Work instructions:
Pictures are to be dropped. Everything else in the listing gets copied exactly.

Source material:
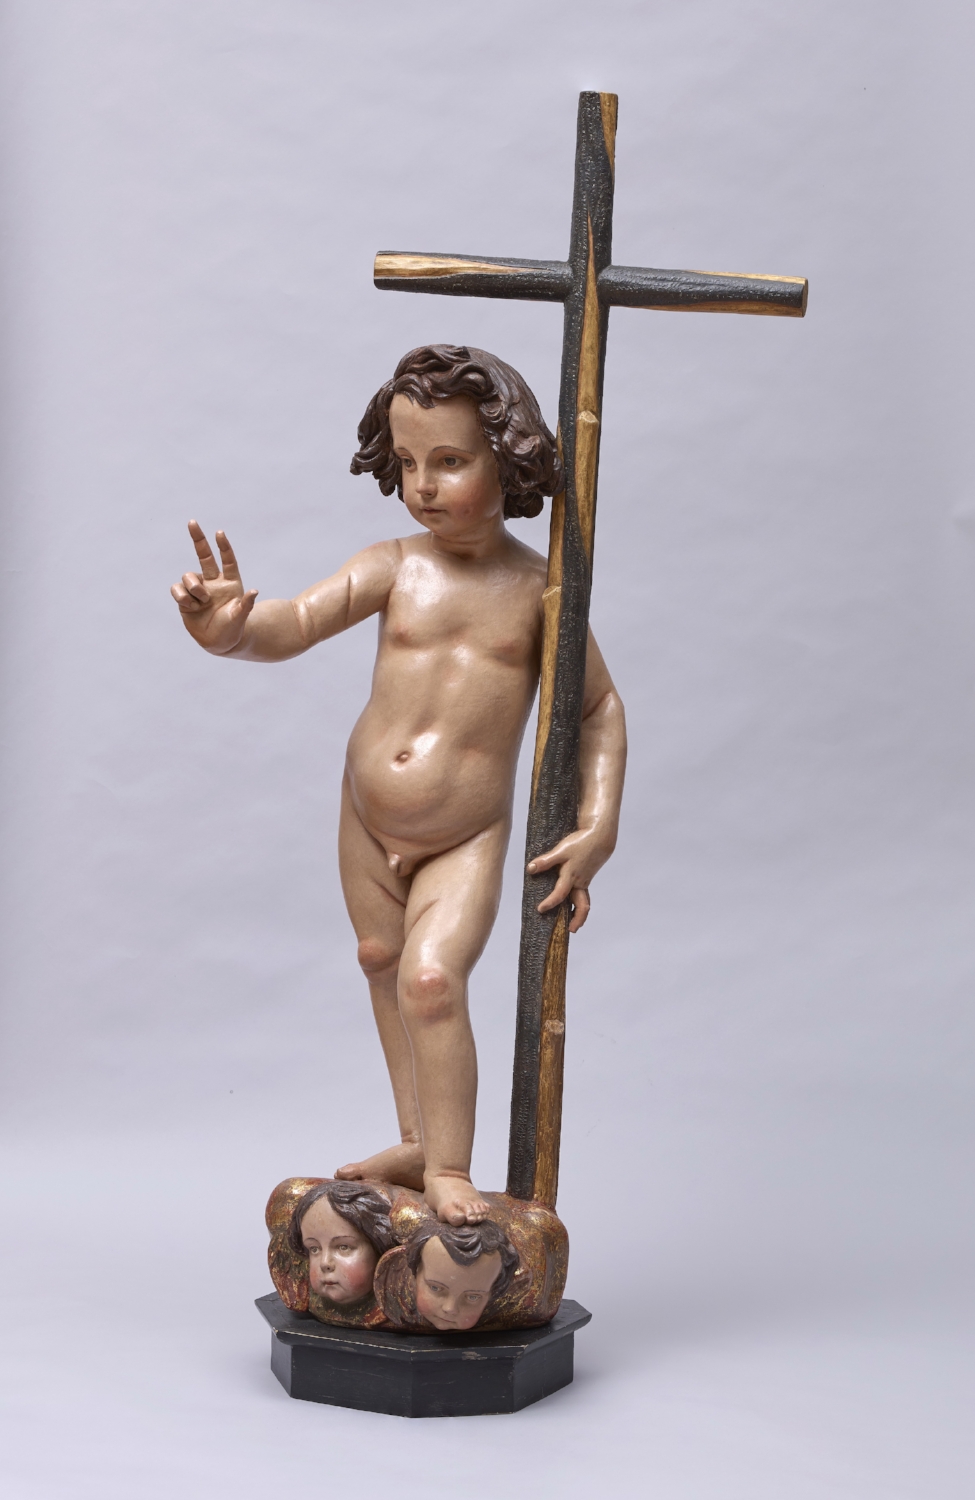 Francisco Dionisio de Ribas, Infant Jesus in triumph - View from the Right 2
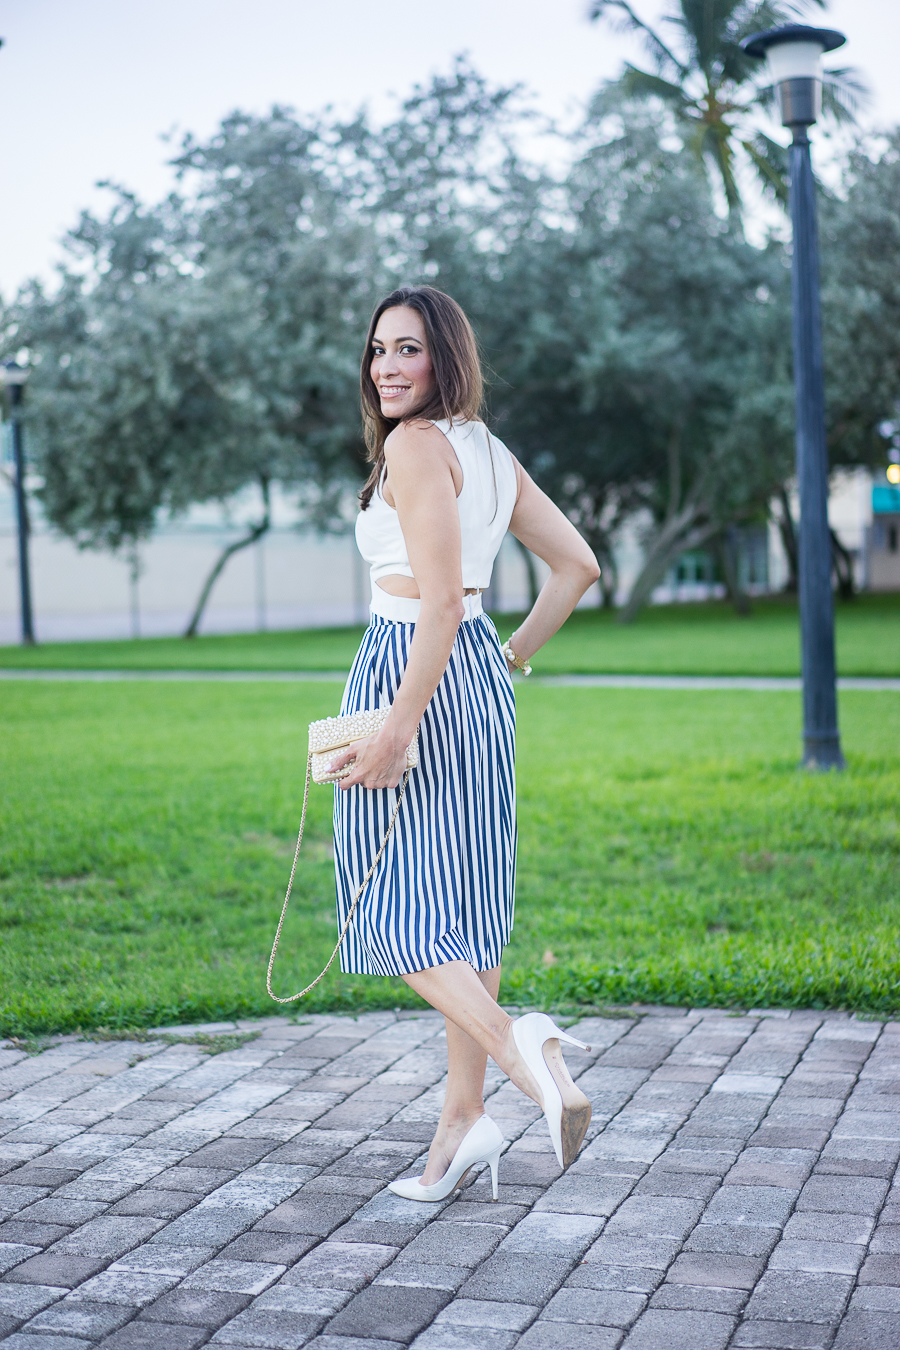 A Glam Lifestyle fashion blogger wearing white crop top with a striped skirt and chanel pearl bag
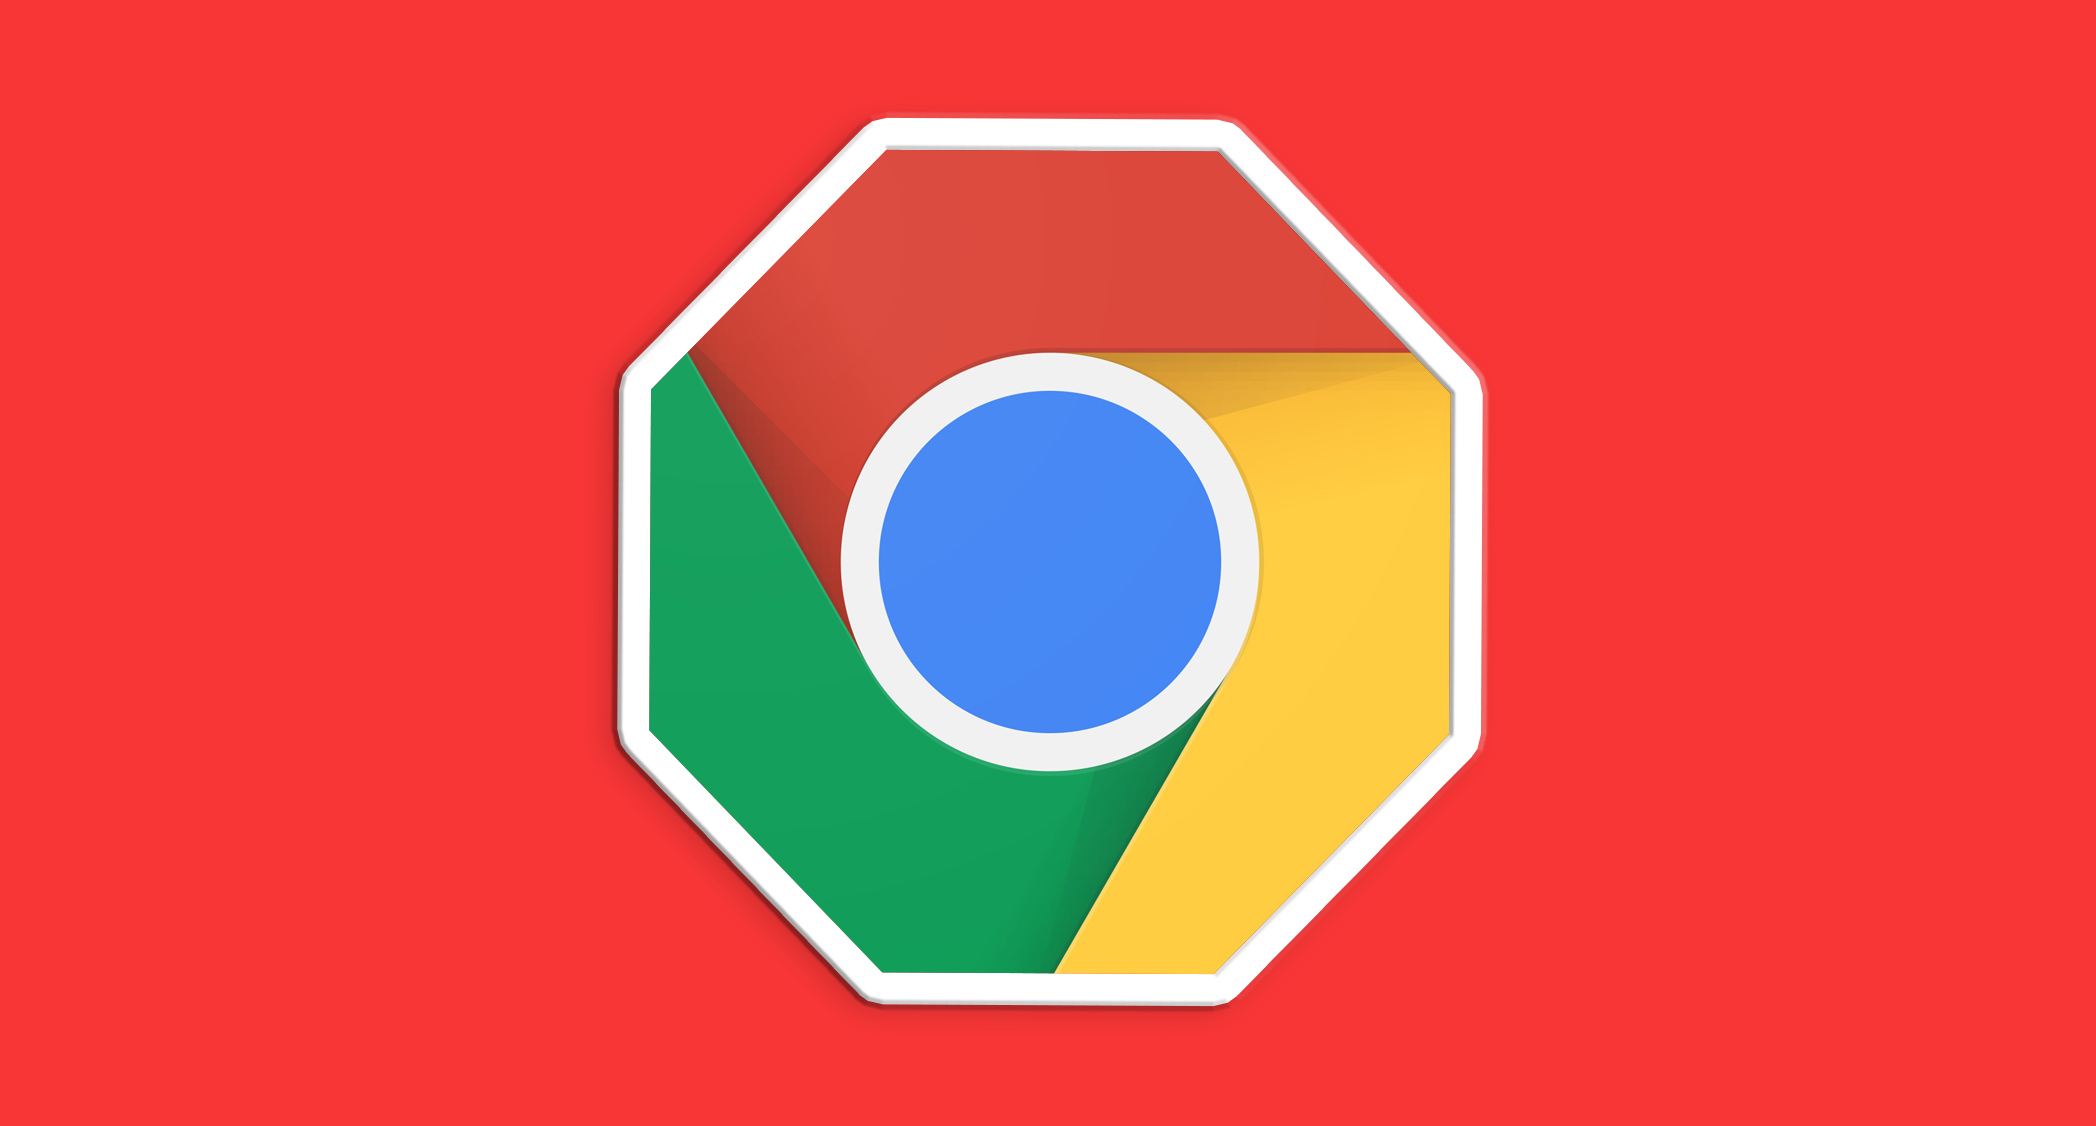 Google all set to launch it’s built-in ad-blocker for Chrome!

Solution below:
 Francisco Dionisio de Ribas, Infant Jesus in triumph - View from the Right 2
 A Glam Lifestyle fashion blogger wearing white crop top with a striped skirt and chanel pearl bag
 Google all set to launch it’s built-in ad-blocker for Chrome!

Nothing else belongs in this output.